Python 如何按空格和单词列表拆分字符串

python

Python 如何按空格和单词列表拆分字符串,python,split,Python,Split,假设我有以下字符串： "USD Notional Amount: USD 50,000,000.00" "USD Fixed Rate Payer Currency Amount: USD 10,000,000" "USD Fixed Rate Payer Payment Dates: Annually" "KRW Fixed Rate Payer Payment Dates: Annually" 简单地说，使用split函数 df = pd.DataFrame(["USD Notional

假设我有以下字符串：

"USD Notional Amount: USD 50,000,000.00"
"USD Fixed Rate Payer Currency Amount: USD 10,000,000"
"USD Fixed Rate Payer Payment Dates: Annually"
"KRW Fixed Rate Payer Payment Dates: Annually"

简单地说，使用split函数

df = pd.DataFrame(["USD Notional Amount: USD 50,000,000.00"
                   ,"USD Fixed Rate Payer Currency Amount: USD 10,000,000"
                   ,"USD Fixed Rate Payer Payment Dates: Annually"
                   ,"KRW Fixed Rate Payer Payment Dates: Annually"])

df[0].apply(lambda x: x.split())

[输出]

0    [USD, Notional, Amount:, USD, 50,000,000.00]                 
1    [USD, Fixed, Rate, Payer, Currency, Amount:, USD, 10,000,000]
2    [USD, Fixed, Rate, Payer, Payment, Dates:, Annually]         
3    [KRW, Fixed, Rate, Payer, Payment, Dates:, Annually]

我想要一个复合词列表

words_list = ["Notional Amount:","Fixed Rate Payer Currency Amount:","Fixed Rate Payer Payment Dates:"]

我想要的是将字符串拆分为字符串数组，如下所示：

["USD","Notional Amount:","USD", "50,000,000.00"]
["USD","Fixed Rate Payer Currency Amount:","USD","10,000,000"]
["USD","Fixed Rate Payer Payment Dates:","Annually"]
["KRW","Fixed Rate Payer Payment Dates:","Annually"]
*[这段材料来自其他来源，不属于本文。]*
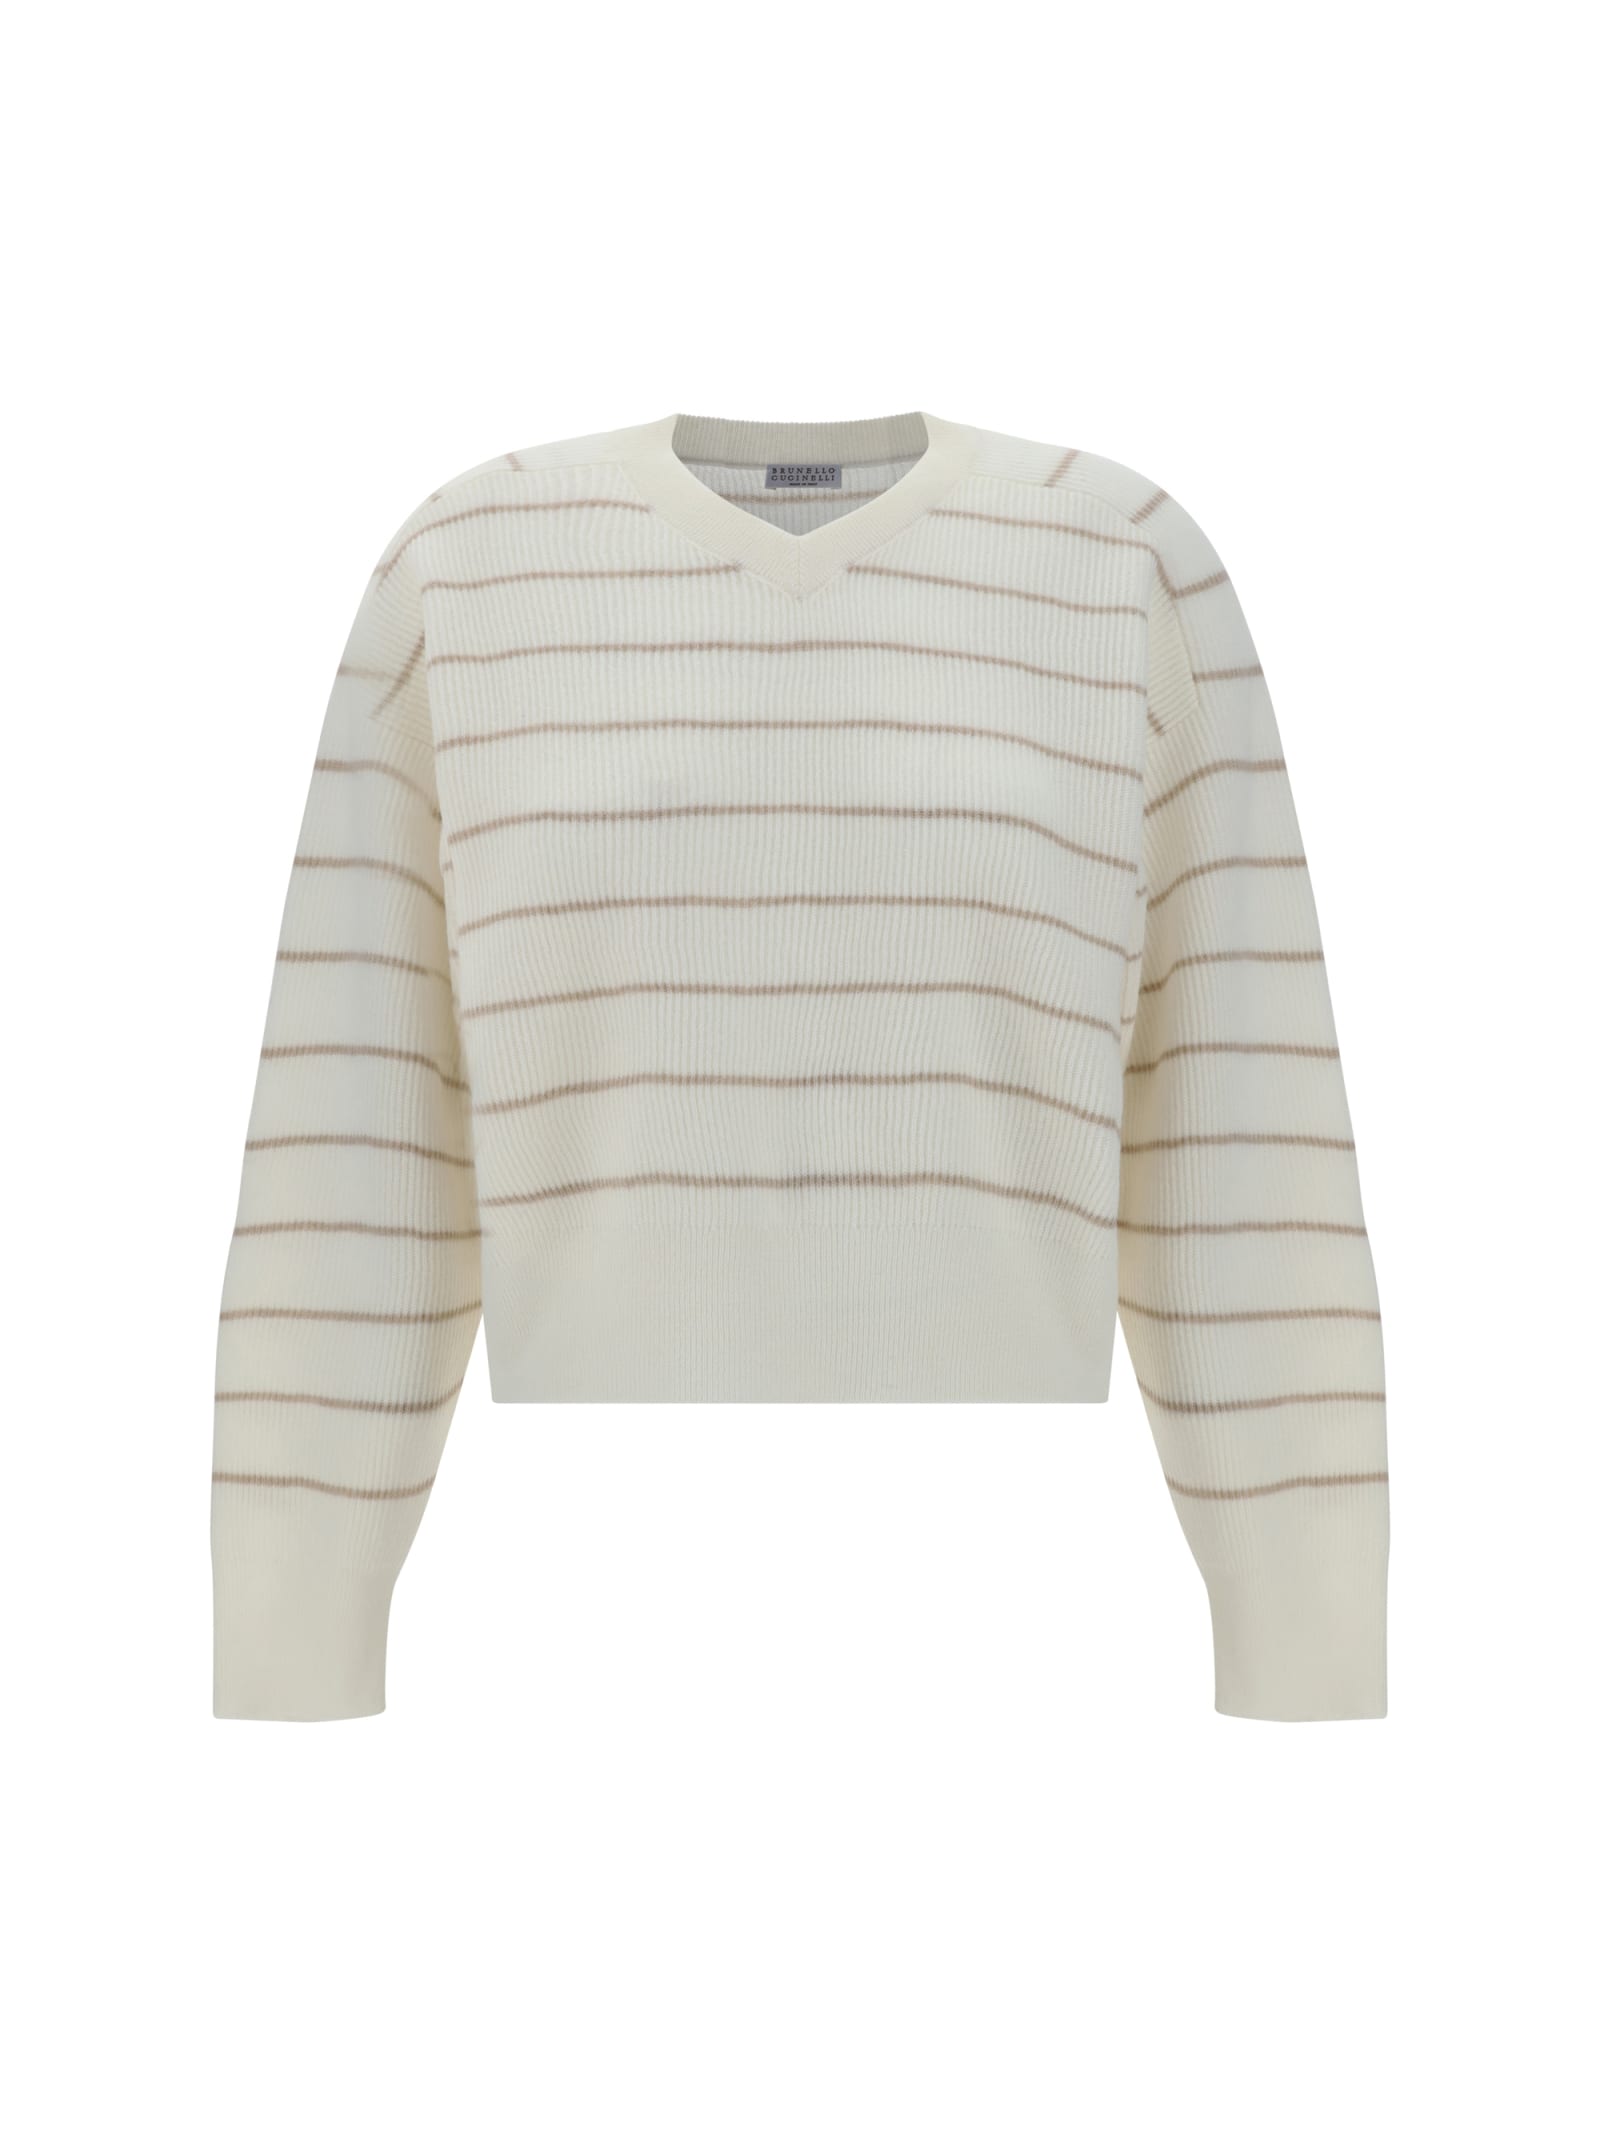 Shop Brunello Cucinelli Sweater In Brown/neutrals

当我拆分这个字符串时，我想保留一些单词，因为它并不总是按空格拆分。有人知道如何在Python中进行这种字符串拆分吗？有什么想法吗？

我不认为有一种通用的方法可以做到这一点，您的拆分可能会变化太多，因此我建议先花一些时间将输入标准化（例如，将其放在电子表格中，每行的列数相同），这将真正简化您的其余过程）。但是，这里有一种方法，用你的数据

st = """USD Notional Amount: USD 50,000,000.00
USD Fixed Rate Payer Currency Amount: USD 10,000,000
USD Fixed Rate Payer Payment Dates: Annually
KRW Fixed Rate Payer Payment Dates: Annually"""

def split_stuff(st):
    res = []
    lines = st.split("\n") # splitting on carriage return
    for line in lines:
        currency, rest = line.split(" ", 1)  # splitting on space, stopping after first space to extract currency (USD, KRW)
        res.append([currency] + [e for e in deal_with_rest(rest)]) 
    return res

def deal_with_rest(rest):
    """ Deals with anything after the (first) currency """
    compound, amt_type = rest.rsplit(" ", 1) # gets the compound and the amt value or type (here, 'annually')
    if compound.strip().endswith("USD"): # if we see there's a currency again, we need to split on it one more time
        return [e for e in compound.rsplit(" ", 1)] + [amt_type] # creating new sublist with compound, currency, and amount
    else:
        return [compound, amt_type] # otherwise, just returning the compound and the amount

for e in split_stuff(st):
    print(e)

这将返回以下内容，但仅适用于特定字符串。如果您有更多的元素，或者不同的货币（例如，我在

deal\u with_rest（）

）中只对“USD”进行了编码），那么您需要更改一些内容：

正如Xhattam所说，可能没有通用的方法来做你的事情

但是，假设您知道哪些字符串带有不希望拆分的空格，则可以执行以下操作（来自您的示例）：

现在，您应该能够打印我的_列表并获得以下结果：

print(my_list)
['USD', 'Notional Amount:', 'USD', '50,000,000.00']

这是一个特定的示例，您可以轻松地适应其他字符串。

此生成器应该能够完成这项任务，但输出中将删除“：”。返回的是元组。所有这些工件都可以更改以符合您的格式：）

[输出]

0    [USD, Notional Amount:, USD, 50,000,000.00]                  
1    [USD, Fixed, Rate, Payer, Currency, Amount:, USD, 10,000,000]
2    [USD, Fixed Rate Payer Payment Dates:, Annually]             
3    [KRW, Fixed Rate Payer Payment Dates:, Annually]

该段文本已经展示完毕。